One benefit of this level of detail is total transparency: Plan Analytics users can audit our utilization logic without ever leaving the application to the point of asking questions about the rationale for a single claim line being included or excluded from one office visit.

This transparency also allows for the continuous refinement of our utilization logic and rules engine. Traditional summary tables can’t ‘see’ down to the level of individual events and will fail to identify logical inaccuracies unless they are blatantly obvious at the summary level. We don’t have that problem: in fact, gaps in our logic are most often identified by looking at individual events.

If you care about data quality and about making sure that the analysis you present to your clients rests on solid, actionable foundations – this transparency is a big deal.
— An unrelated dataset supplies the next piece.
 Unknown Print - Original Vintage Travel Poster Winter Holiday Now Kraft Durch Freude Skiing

  • Utilization data can answer more complex questions than traditional summary tables.

In limited contexts, the performance of summary table utilization counts is comparable to that of Deerwalk’s data-driven methods. Traditional vendors have been answering questions about Admissions and ER Visits for decades and will do a good job in most cases of giving accurate enough accounts of usage and average cost for those metrics.

The real issue is that summary table methods create what we call “anamorphic analysis” – analysis that only works if you view it from a certain angle. Summary tables can provide accurate enough estimations of the (very) big picture, but only if you know the question ahead of time. A new question requires a new summary table, and the system starts to fall apart really quickly when the questions get more complex.
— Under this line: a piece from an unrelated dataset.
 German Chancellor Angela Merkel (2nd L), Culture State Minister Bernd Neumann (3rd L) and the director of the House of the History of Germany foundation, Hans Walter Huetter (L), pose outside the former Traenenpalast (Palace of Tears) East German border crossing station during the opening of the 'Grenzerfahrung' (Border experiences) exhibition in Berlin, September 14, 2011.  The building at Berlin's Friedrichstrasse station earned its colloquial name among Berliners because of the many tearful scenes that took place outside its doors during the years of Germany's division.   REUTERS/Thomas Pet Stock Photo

Let’s use the following complex question as an example: what are the most common diagnoses driving members over 50 to incur ER Visits costing more than $5,000?

An ER summary table set isn’t going to be able to answer this question. The only information it’s likely to have is a tally of ER Visits and ER Dollars broken down by month and your levels of aggregation. A summary table capable of answering this question would have to be designed specifically to answer this question exactly as it’s phrased – which means that if you want to answer this question, you’re paying for custom development.

Data-driven methods make this question pretty simple to answer. Remember that Plan Analytics users have access to a database of all their ER visits and because those ER visit records have more than 100 query-able fields. Simply filter your ER records by Member Age and All-In Cost, then summarize by diagnosis. (You might also want to run the same summary analysis on unfiltered ER Visits so that you can separate commonly common diagnoses from those diagnoses that are disproportionately driving expensive ER visits in members 50+). The analysis can be done in real-time – in a couple of seconds, no more.

It’s ultimately a question of technology: traditional vendors have their hands tied by SQL environments that scale poorly and can’t be transitioned to distributed systems without expensive hardware. We’ve operated Plan Analytics in a distributed, NoSQL environment since day one - the same solution to handling some of the biggest data warehouses on the planet – the likes of Google, Facebook, Amazon, and the CIA. And crucially, this decision has paid off in spades, not only in the cost-efficiency and speed of our products, but also the accuracy and comprehensiveness of the analysis our products provide.